- _YOUR GOAL_
In the records below, repeat word for word only the lines starting at the one that contains "rhinoceros 4 versus rhinoceros 5" and ending at the one that contains "Baggage transport scheduler Agar to Tripura", pictures excluded.

- _DATA UNDER STUDY_
▶

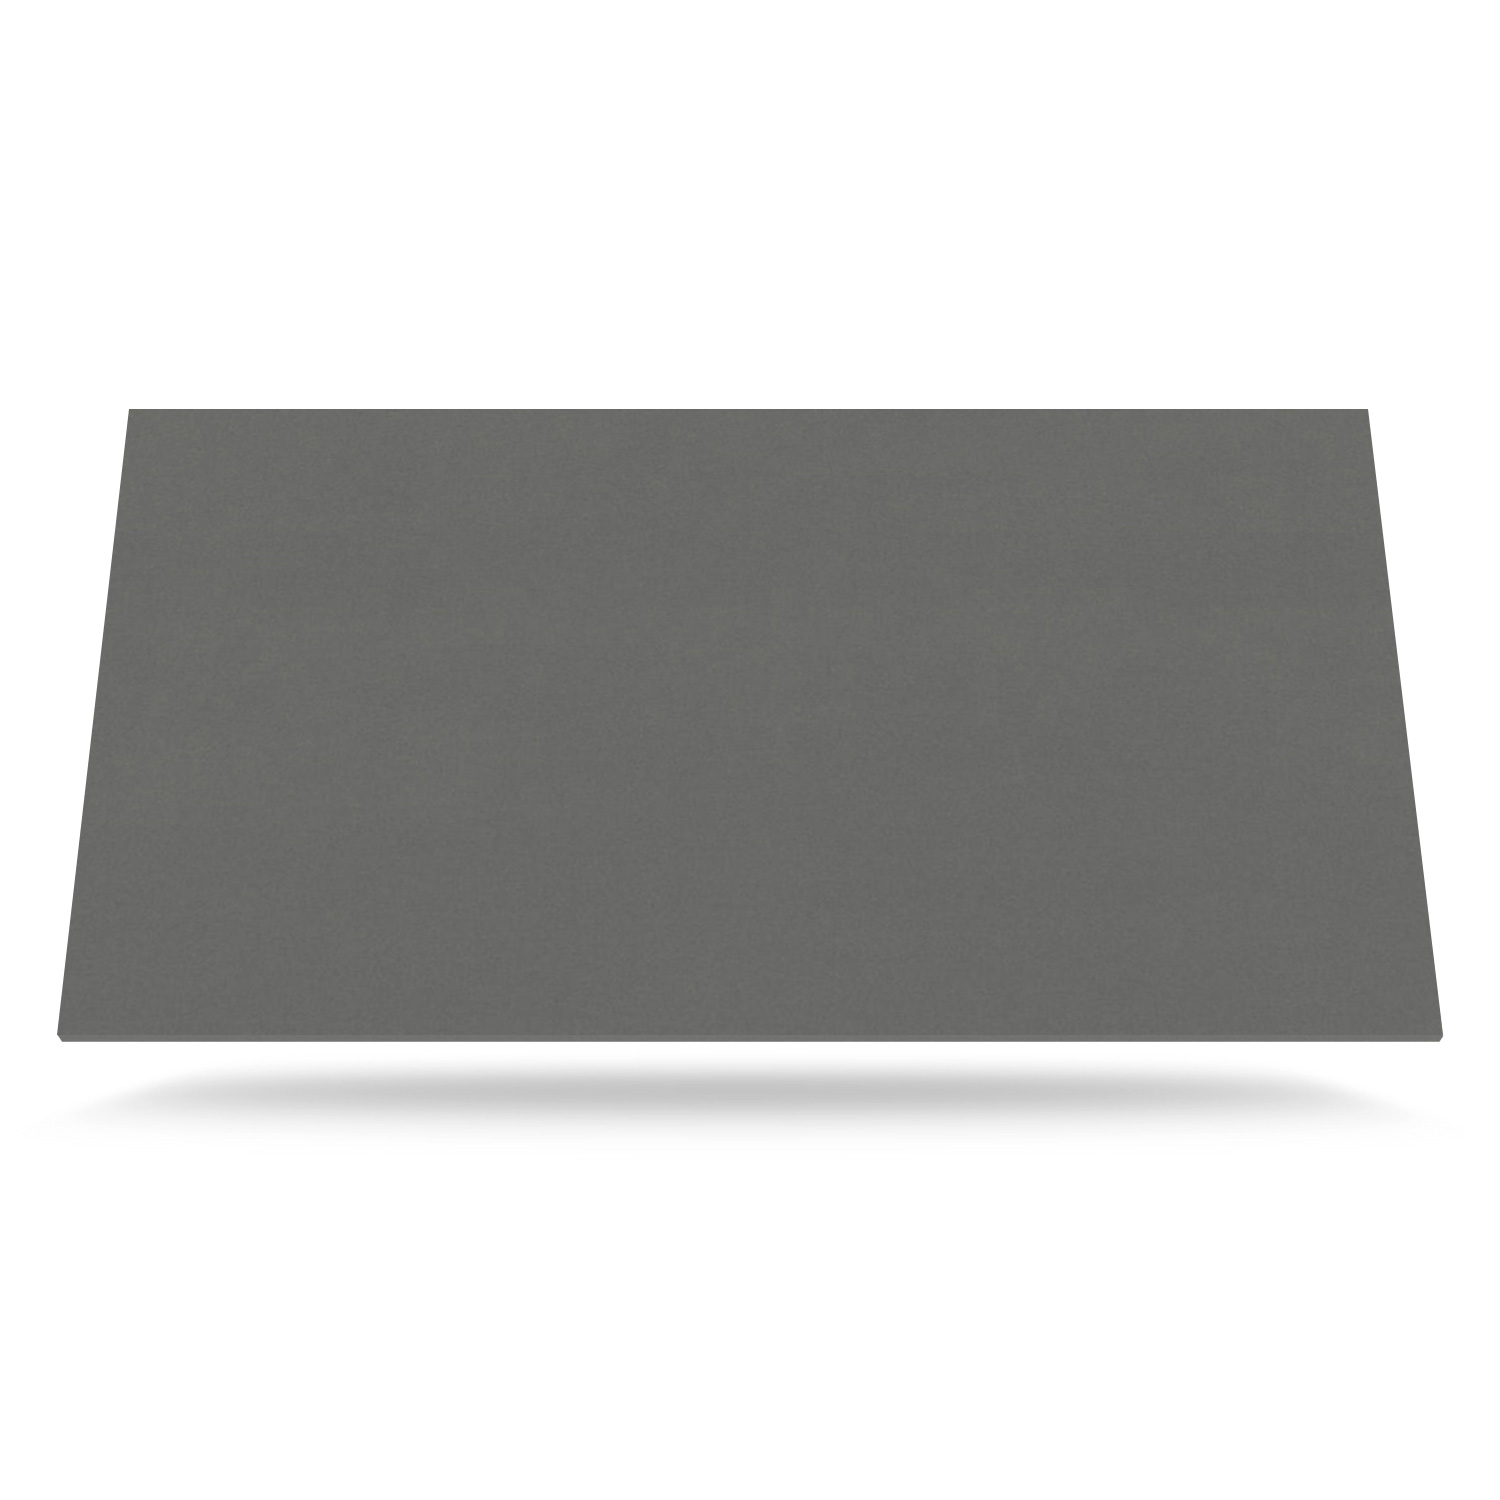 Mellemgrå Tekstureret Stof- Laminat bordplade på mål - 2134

◀
▶

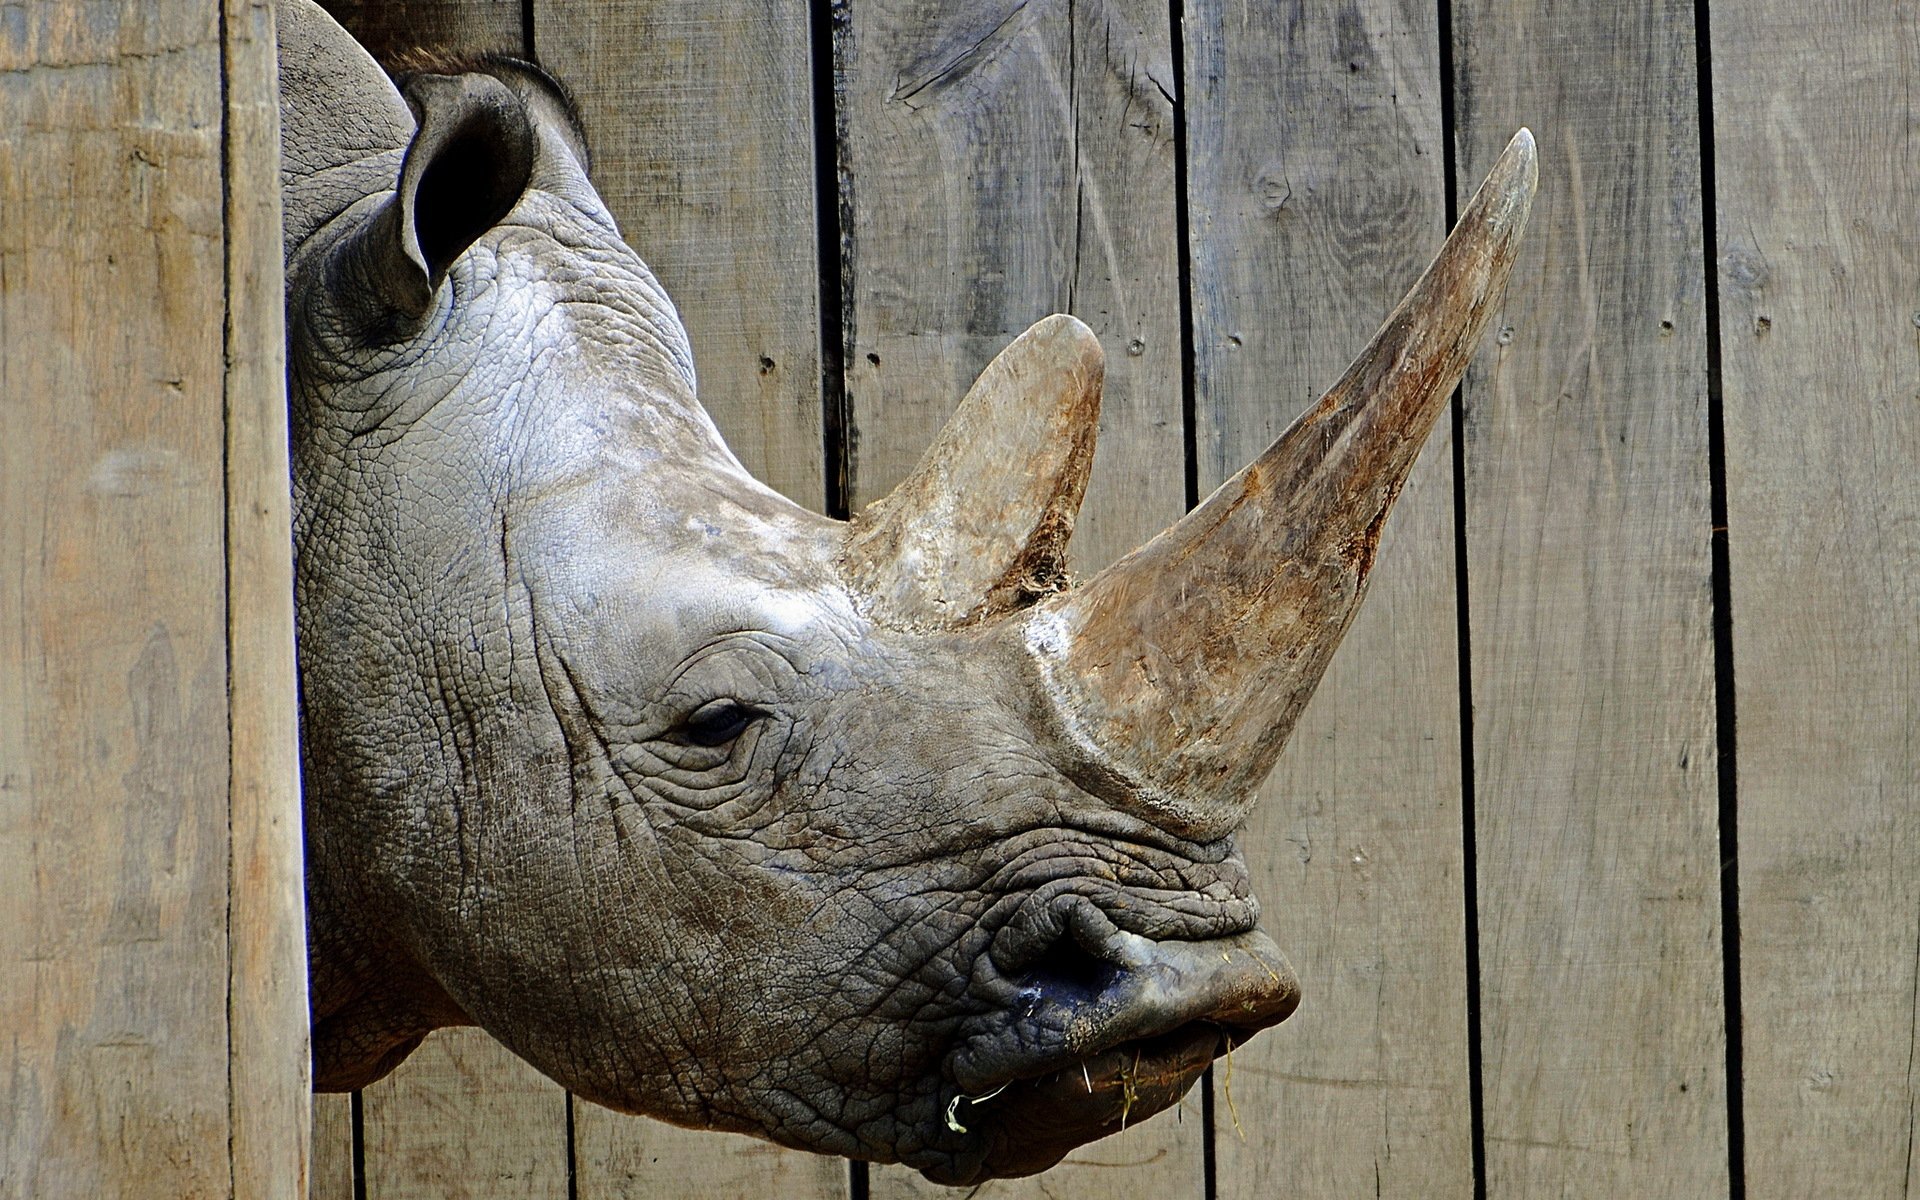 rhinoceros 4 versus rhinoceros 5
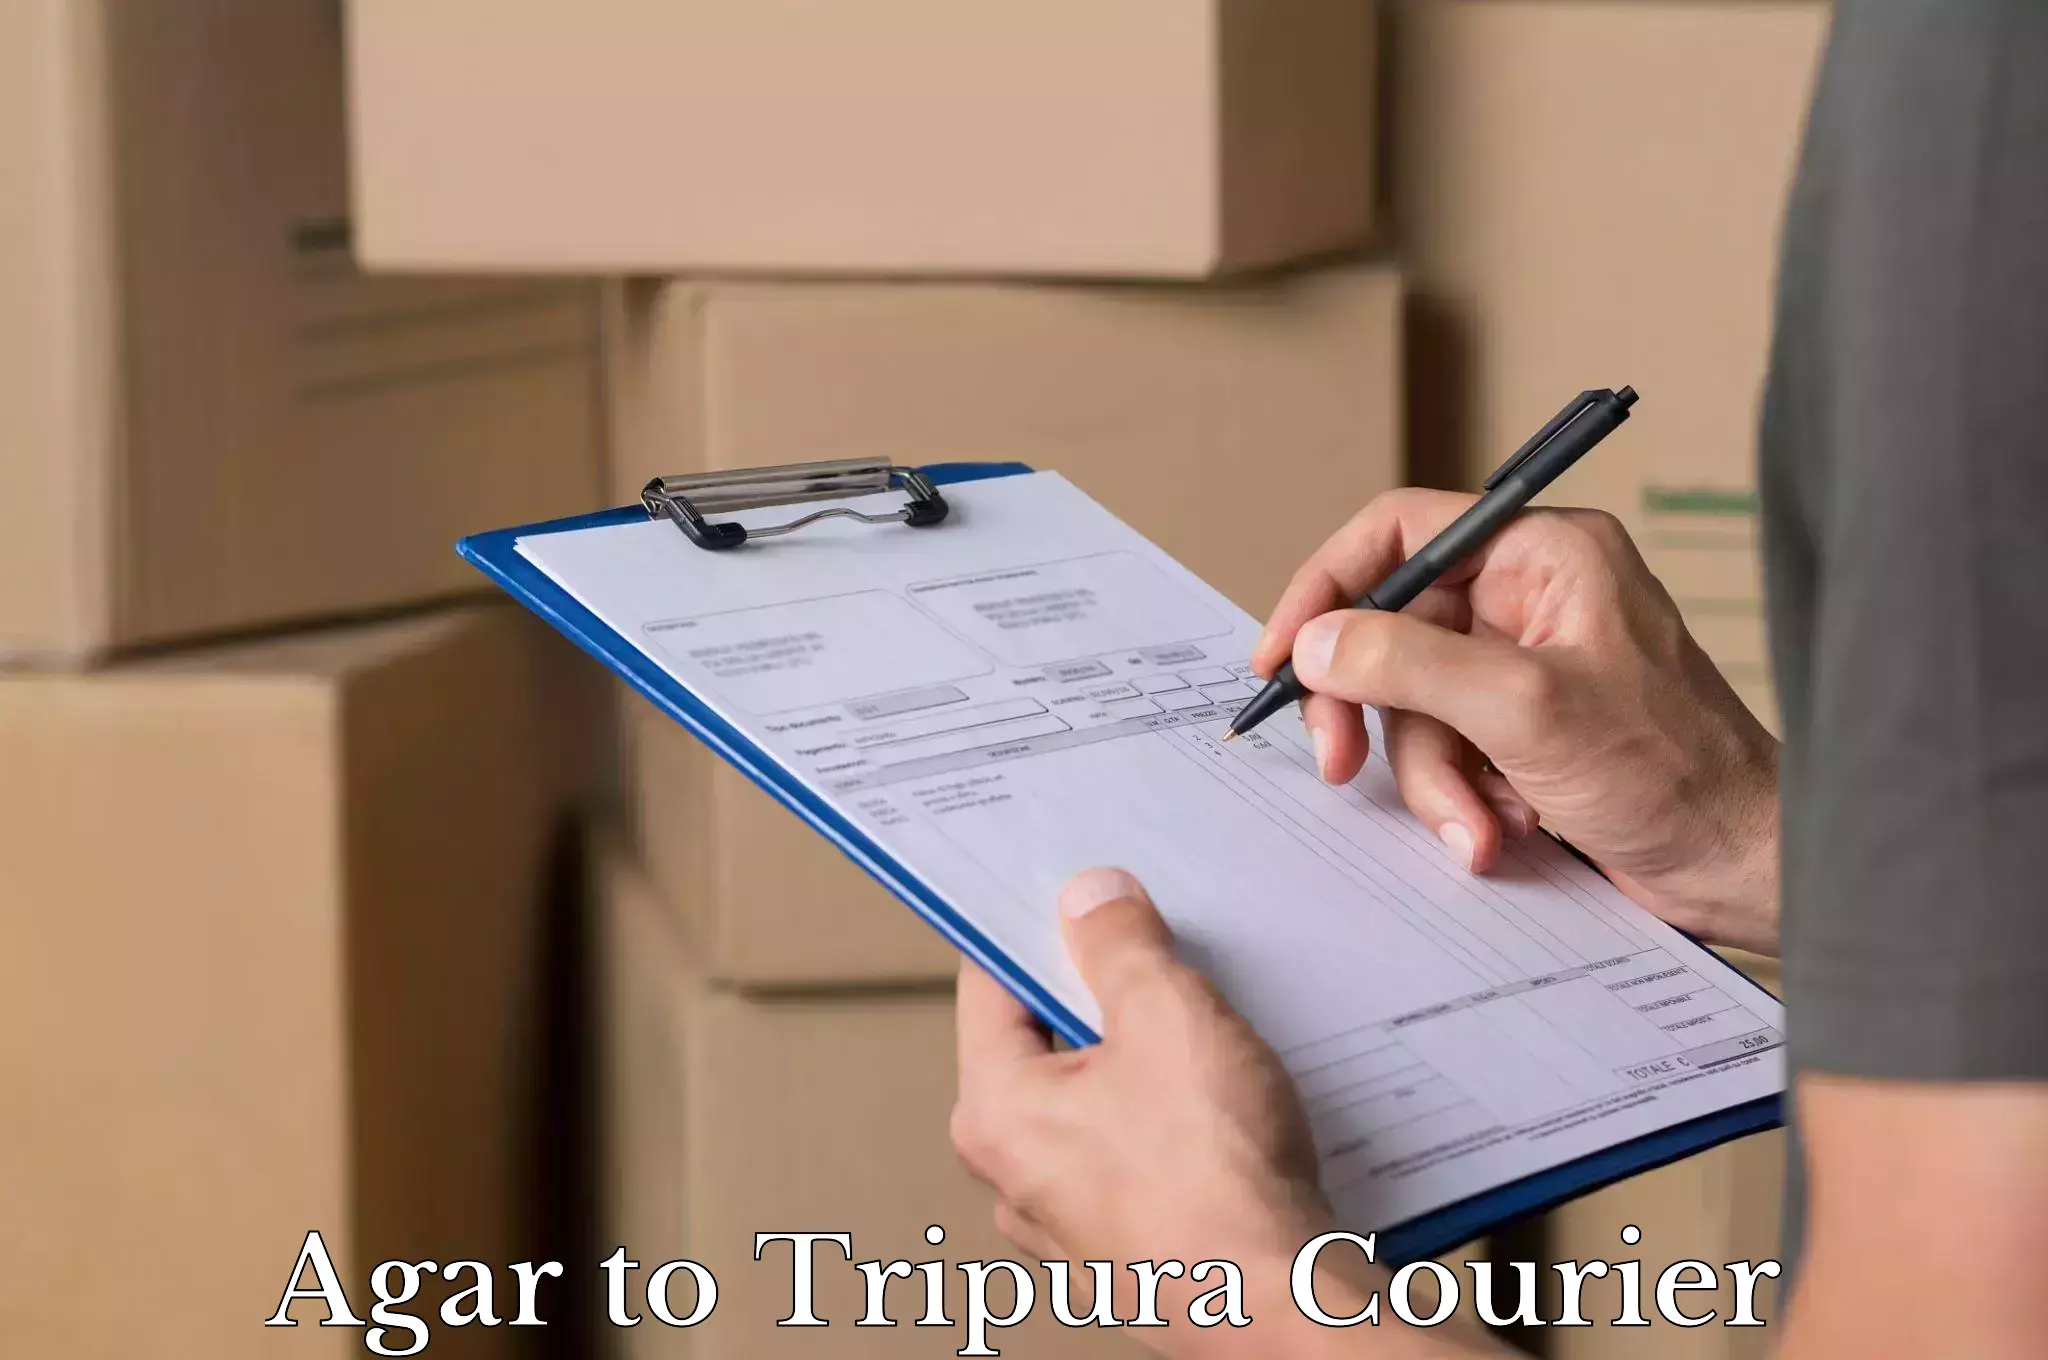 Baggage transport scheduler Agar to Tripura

◀

- _RESPONSE TO THIS TASK_
 rhinoceros 4 versus rhinoceros 5
 Baggage transport scheduler Agar to Tripura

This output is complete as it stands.